Impact investing is catching on, or at least that’s what an increasing number of proponents say. But does it have the legs to really attract serious investors, or will it always be a niche asset class for a few very rich and idealistic families?
Impact investment involves investing in companies, organisations, and funds with the intention to generate positive social and environmental impact, but also financial returns. Approximately $60 billion found its way into impact investing globally in 2015, says the Global Impact Investing Network. OK, that’s not a great deal of money, compared with the trillions invested in sustainable and renewable-linked assets, but JP Morgan reckons impact investing will reach $1 trillion of assets under management by 2020. Wishful thinking? Some family offices don’t think so.
“Institutionalisation and professionalisation of the discipline (impact investing) are been driven primarily by a number of extremely wealthy families,” says Matthew Weatherley-White, the managing director and co-founder of the US-based investment group, The Caprock Group. He says his firm is currently working with two family offices with the goal of having their entire portfolio geared towards impact investment outcomes within a few years.
Perhaps the best-known example of this commitment among family offices is the Blue Haven Initiative. The family office of Liesel Pritzker Simmons and her husband Ian Simmons, Blue Haven is completely committed to impact investing. Indeed, Caprock has worked with Blue Haven to create a portfolio of impact investments.

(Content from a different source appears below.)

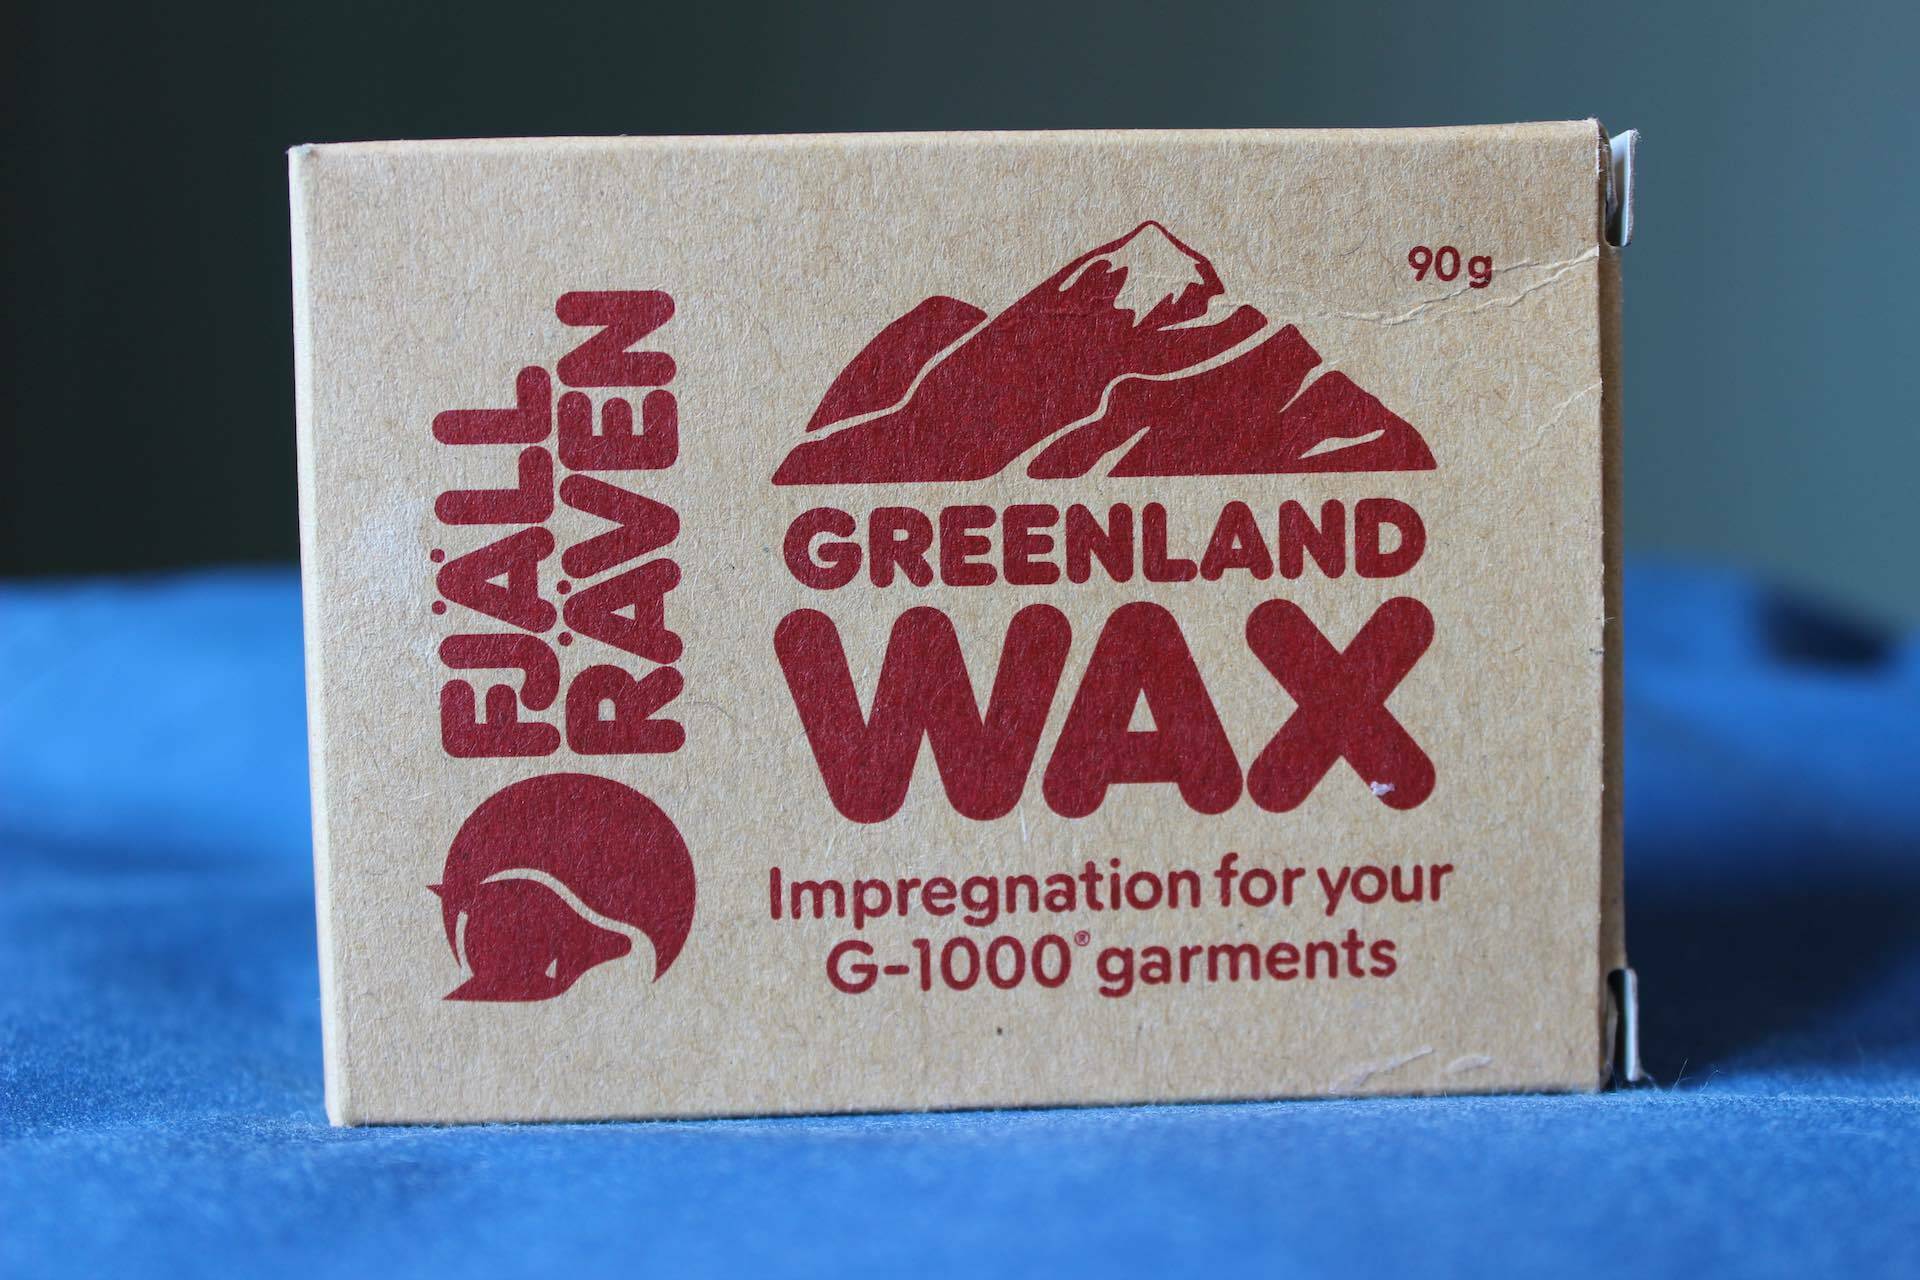 Melting Fjällräven Greenland Wax into a WM.A.C MC Jacket on Vimeo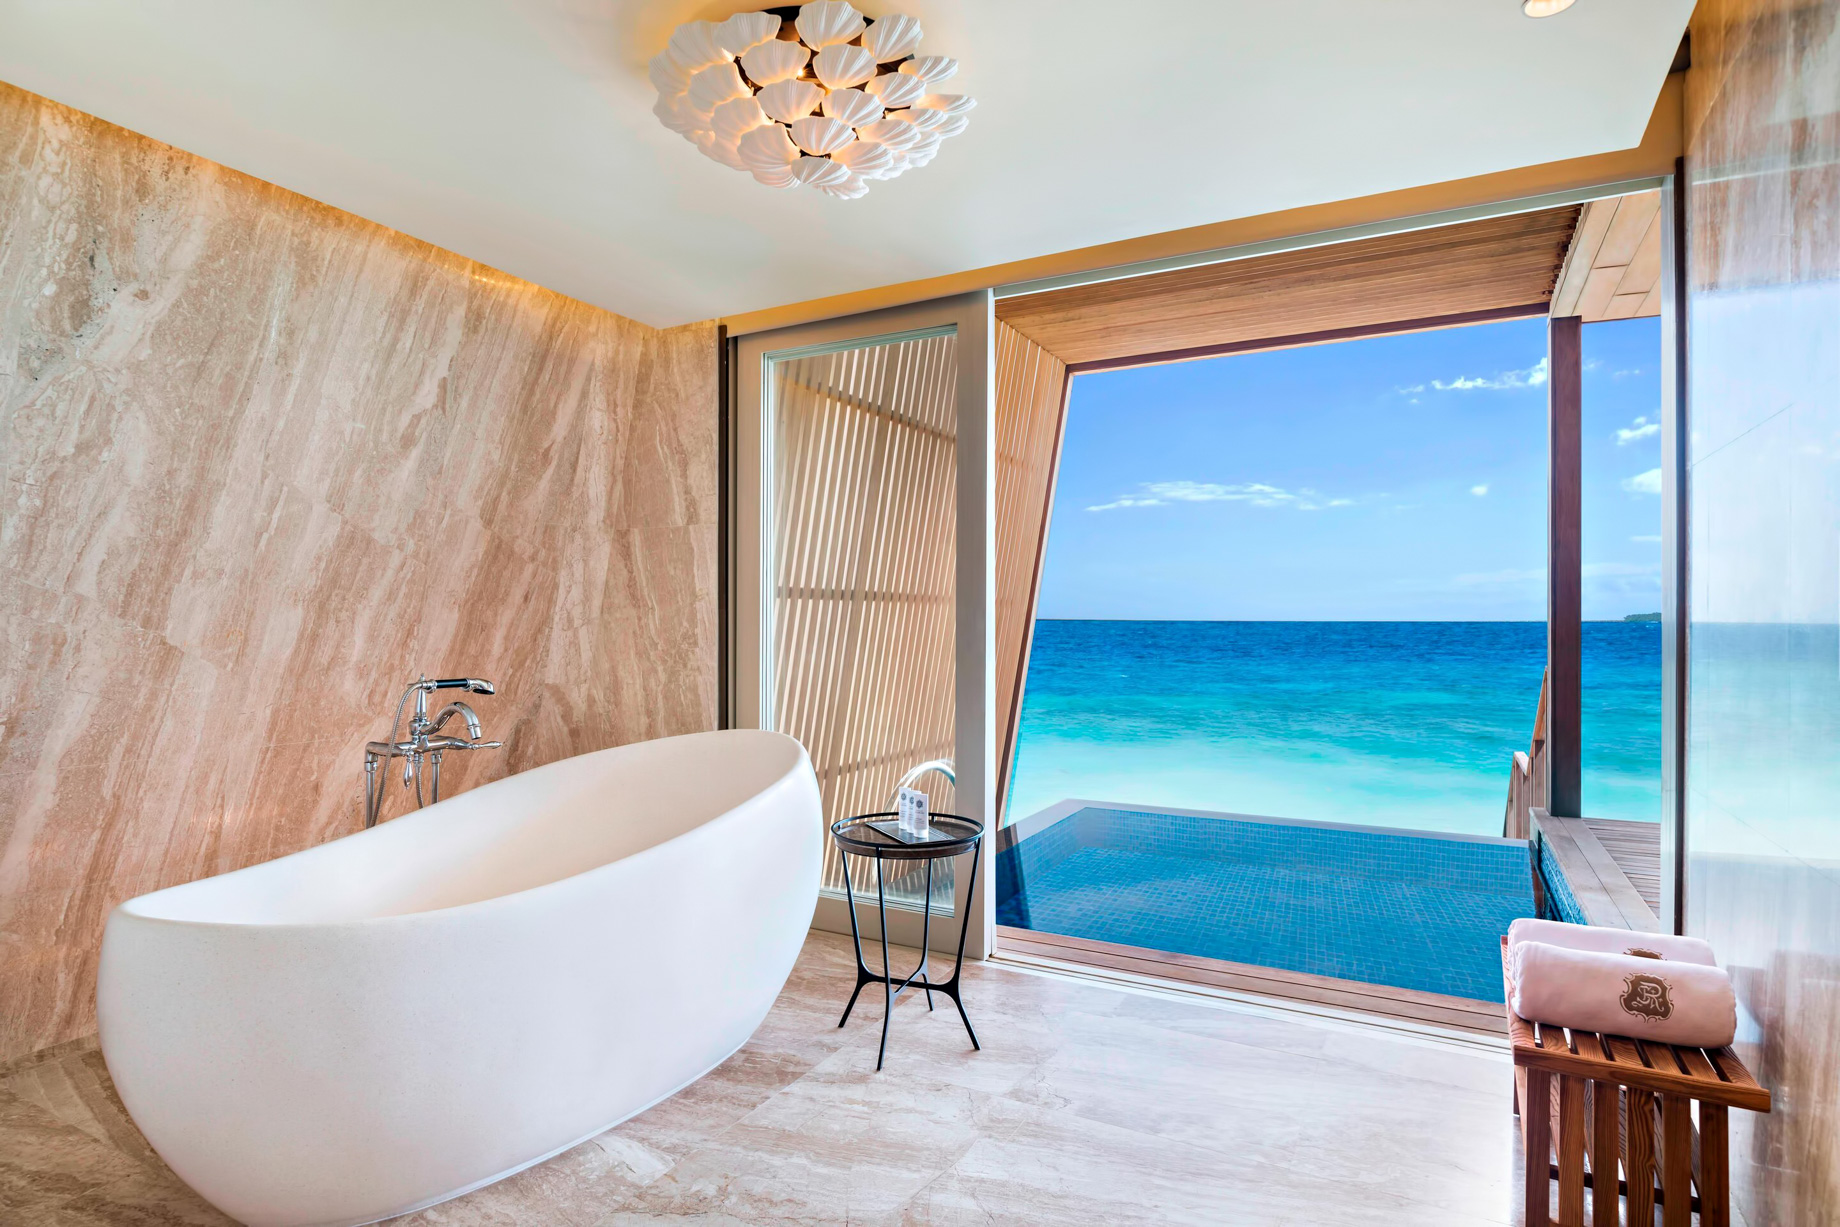 The St. Regis Maldives Vommuli Resort – Dhaalu Atoll, Maldives – Two Bedroom Beach Villa Bathroom

“Families wanting to incorporate a moral ethic into their investment strategy are doing this with impact investing,” says Weatherly-White. “Families are saying: ‘We have our values as a family and we like to invest in ethical businesses that aren’t exploiting their workers in the supply chain, that aren’t contributing to environmental degradation, and that aren’t involved in questionable accounting practices, and here’s a way to incorporate our family values into our portfolio’.”
The World Economic Forum, famous for hosting the annual Davos conference, produced some research into impact investing and family offices in December 2014. The group reckons that family offices will lead the charge into the asset class as they have done before with investments like hedge funds and private equity.
But some family offices have yet to be convinced. Here’s what one told Family Capital about the asset class. “It might inspire millennials (18 to 34 year-olds) and a few others while they’re drinking their mojito and partying in some beach club on the Mediterranean, or Cape Cod, but I’m yet to be convinced that it delivers the returns of many other asset classes. And are these types of investment really making a social difference?”
One thing that might be holding back greater acceptance of the asset class is the lack of clarity over how to measure the social and environmental benefits of impact investing. The process is easy, but the results side of impact investing still needs more clarity, say critics. Although the UN has developed a group of sustainable development goals, with many targets within them, the ease of adapting these into portfolio construction might need more refinement.
And Weatherly-White admits that impact investing sometimes does have an image problem – “an asset class popular among wives and millennials ” as it is portrayed in the popular perception.
But proponents of the asset class reckons that’s wrong. Indeed, some say impact investing will be at the heart of the capital markets sooner than many expect. “It’s an outlier for the future of the capital markets,” says Weatherly-White. “And those investors making the commitment now are leading the revolution.”